Но в кельтских странах, как это справедливо отмечает А. Крапп194, «это мировоззрение существует наряду с другим, прямо противоположным, в соответствии с которым загробный мир является миром под волнами, Tir-fo-Thuinn, который, как считали древние ирландцы, находится в пучине моря или озера». Это верование, в соответствии с которым глубины некоторых озер служили связующим звеном между земной поверхностью и волшебным миром, дало литературный мотив многим эпизодам старого ирландского эпоса. В довольно необычном рассказе Лейнстерской книги Лоэгере Либан видит, как из «Озера птиц» появляется некий персонаж, Фиахна [Fiachna], пришедший из страны богов просить помощи. «Когда неизвестный воин закончил свою песнь, он удалился, вернувшись в озеро, из которого он только что вышел. Лоэгере Либан, сын короля Коннахта крикнул молодым людям, которые его окружали: «Позор вам, если вы не придете на помощь этому человеку!» Пятьдесят воинов, повинуясь этому призыву, выстроились за Лоэгере. Лоэгере бросился в озеро и пятьдесят воинов последовали за ним. Пройдя некоторое время, они догнали чужака, который приходил за ними»195… Кухулин, находясь в карауле в замке Куроя196, победив по очереди трех Лопастей-из-БолотаХолодной-Луны, трех Пастухов из Брега и трех сыновей Музыки-сбольшим-Кулаком, вдруг «замечает чудовище, поднявшееся из озера, как ему показалось, на высоту более тридцати локтей над водой»… Естественно, голова этого «чудовища из озера» вскоре была отсечена!
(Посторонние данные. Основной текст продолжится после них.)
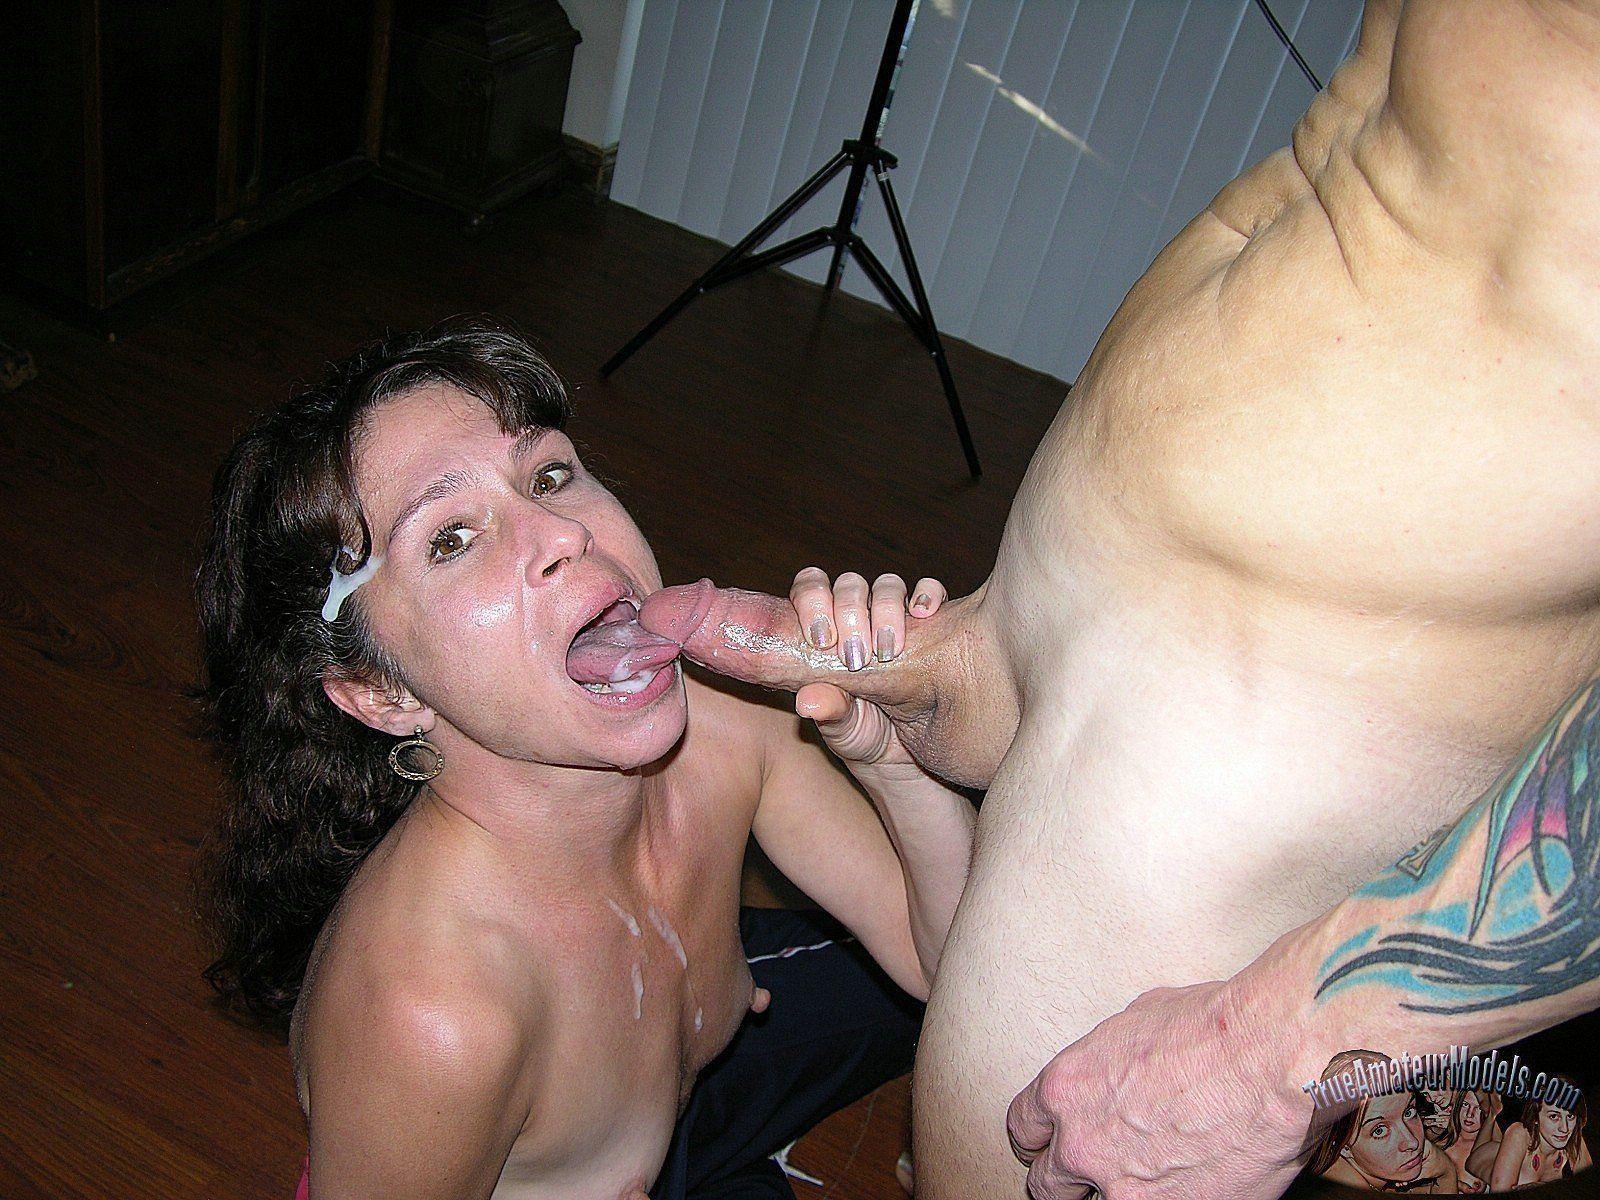 Streaming vibrator orgasms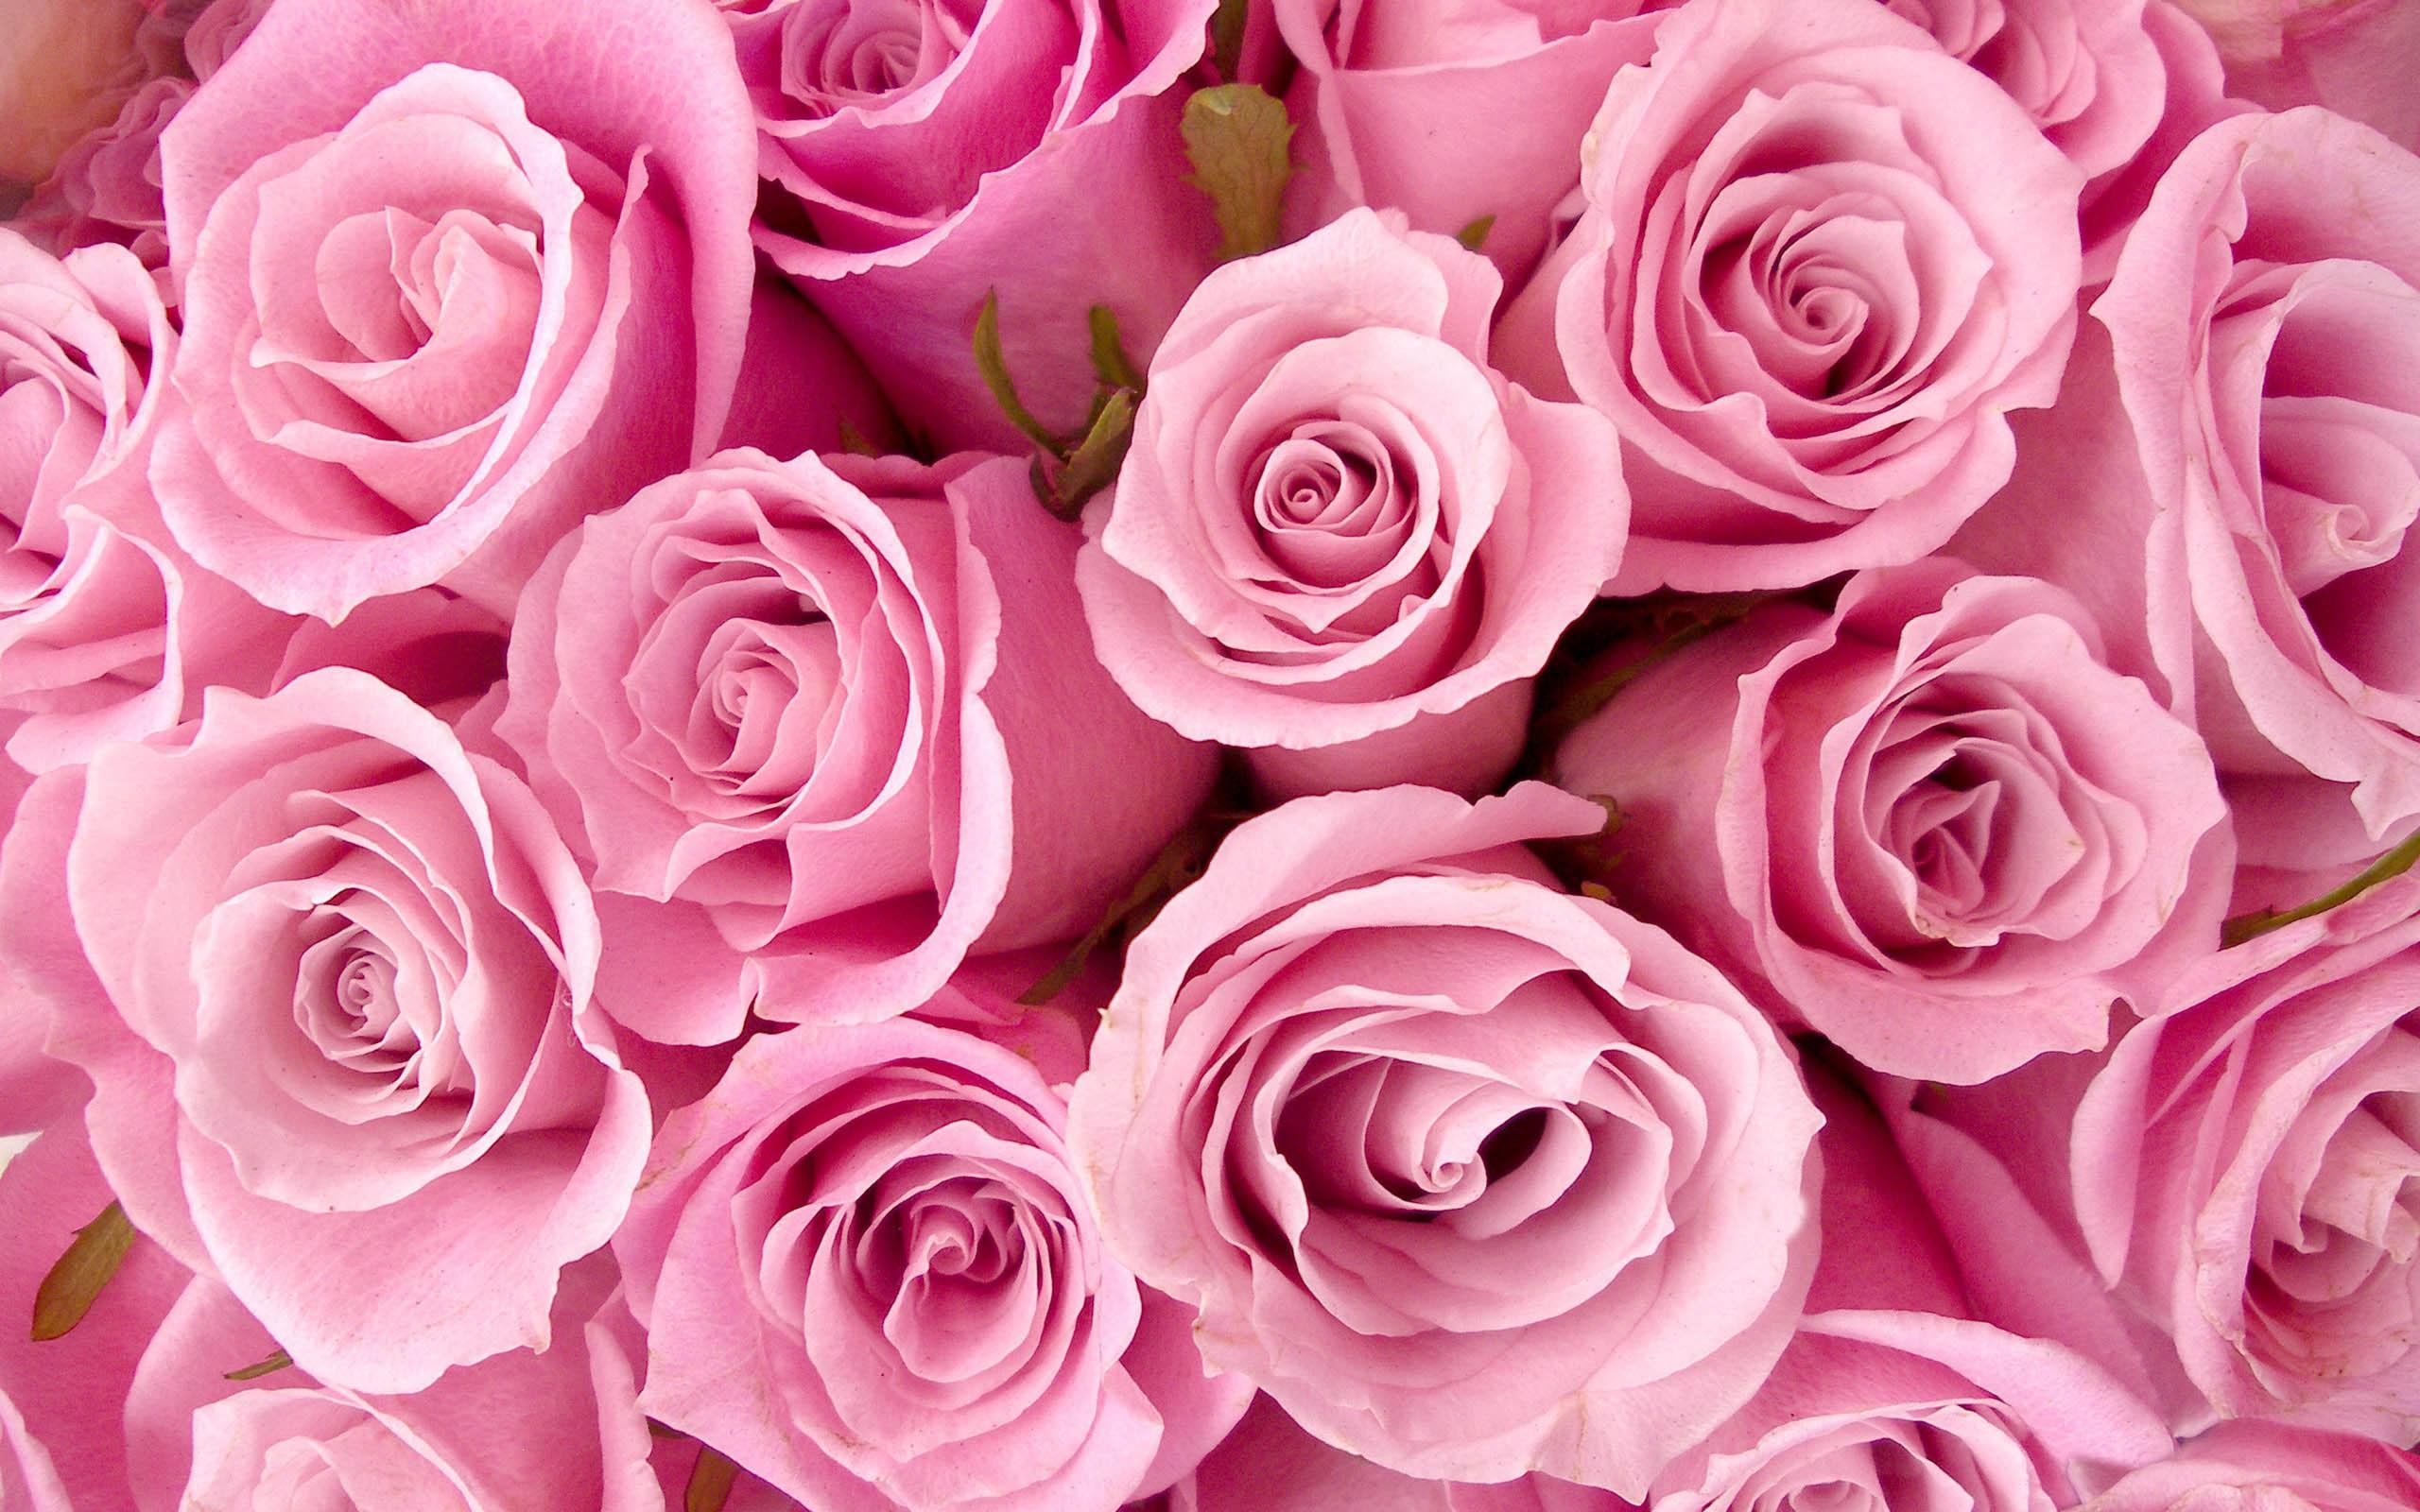 Special Pink Roses Wallpaper Desktop For Desktop 2560x1600

Не вызывает никаких сомнений, что рассматриваемый здесь элемент декорации, а именно Холм + Озеро, заимствован, так же как «высокая и твердая скала» из мифологической и эпической «сценологии» кельтов, а точнее из «Героической Смерти», в которой романист почерпнул схему для своего апофеоза197. Эта «Смерть», какой она была? Такой, как ныне утерянная «Смерть Конхобара»? Как «Смерть Кухулина»?